Pro tips you won’t find in the post itself
- Always check arithmetic intensity (FLOPs per byte moved). It’s the missing tie-breaker between compute-bound and memory-bound. Low intensity = memory-bound, no matter how many FLOPs the op has on paper.
- Don’t trust
nvidia-smiutilization. It reports “GPU is doing something” – not “GPU is doing useful something.” A memory-bound model can show 95% utilization and still be wasting 90% of its potential. - Profile with realistic shapes. A 32×3×224×224 toy input won’t reveal the same bottlenecks as your actual 8192-token sequences.
- If overhead dominates and you can’t compile, the older trick still works: increase batch size until per-step work overwhelms per-step overhead.
FAQ
Is the 2022 post still relevant in 2026?
Yes. The hardware got faster, the compilers got better, but the three-regime framework hasn’t been replaced. It’s still the right first question to ask.
Should beginners just use torch.compile and skip all this?
Honestly, yes – try torch.compile first. One line, no code changes, and on modern GPU hardware (as of 2025, commonly reported on A100/H100 workloads) it often gives you a real speedup. But when it doesn’t help – or when it crashes, as it does on some architectures – you need the framework. Compile handles overhead and does some fusion. It won’t fix a tiny batch size or a matmul shape that misses tensor cores.
How do I know if I’m compute-bound vs memory-bound without a fancy profiler?
Quick proxy: temporarily drop your model’s precision (FP32 → BF16). If wall-clock time drops a lot, you were partly compute-bound – tensor cores kicked in. If it barely changes, you were memory-bound and the win came from moving half as many bytes, not from faster math. Either way you learn something.
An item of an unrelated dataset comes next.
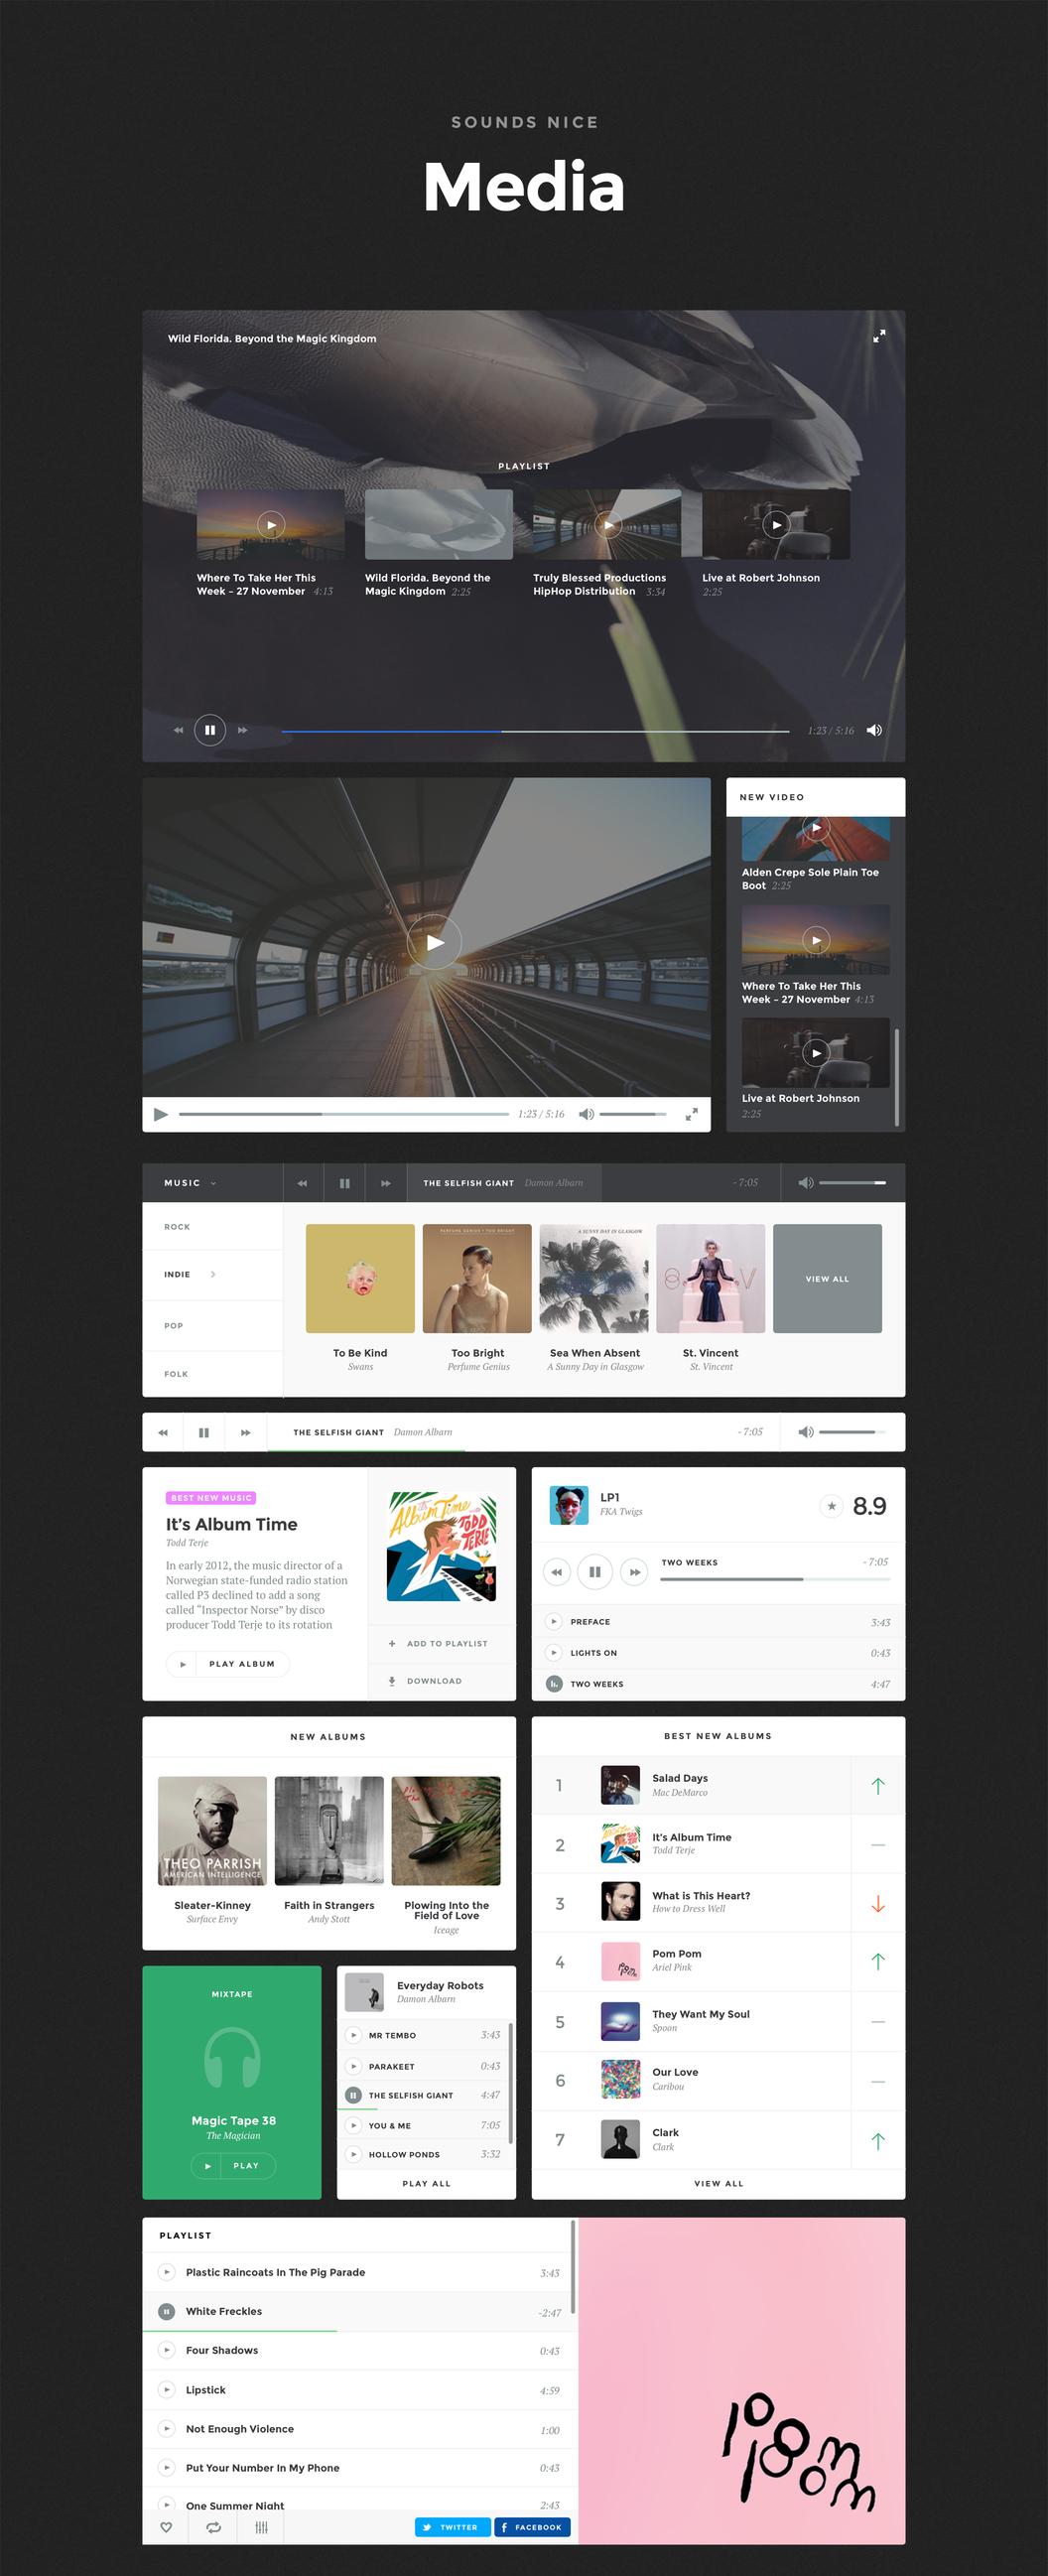 web ui design tools - full_Media_1421784235920

The PyTorch profiler gives you the precise answer, but this two-minute test gets you 80% of the way there.
Next action: open your current training script, add the 15-line profiler block from Step 1, and run it once. Don’t change anything else yet. Just look at the table and answer one question – which of the three regimes are you in? That answer determines everything you should do next.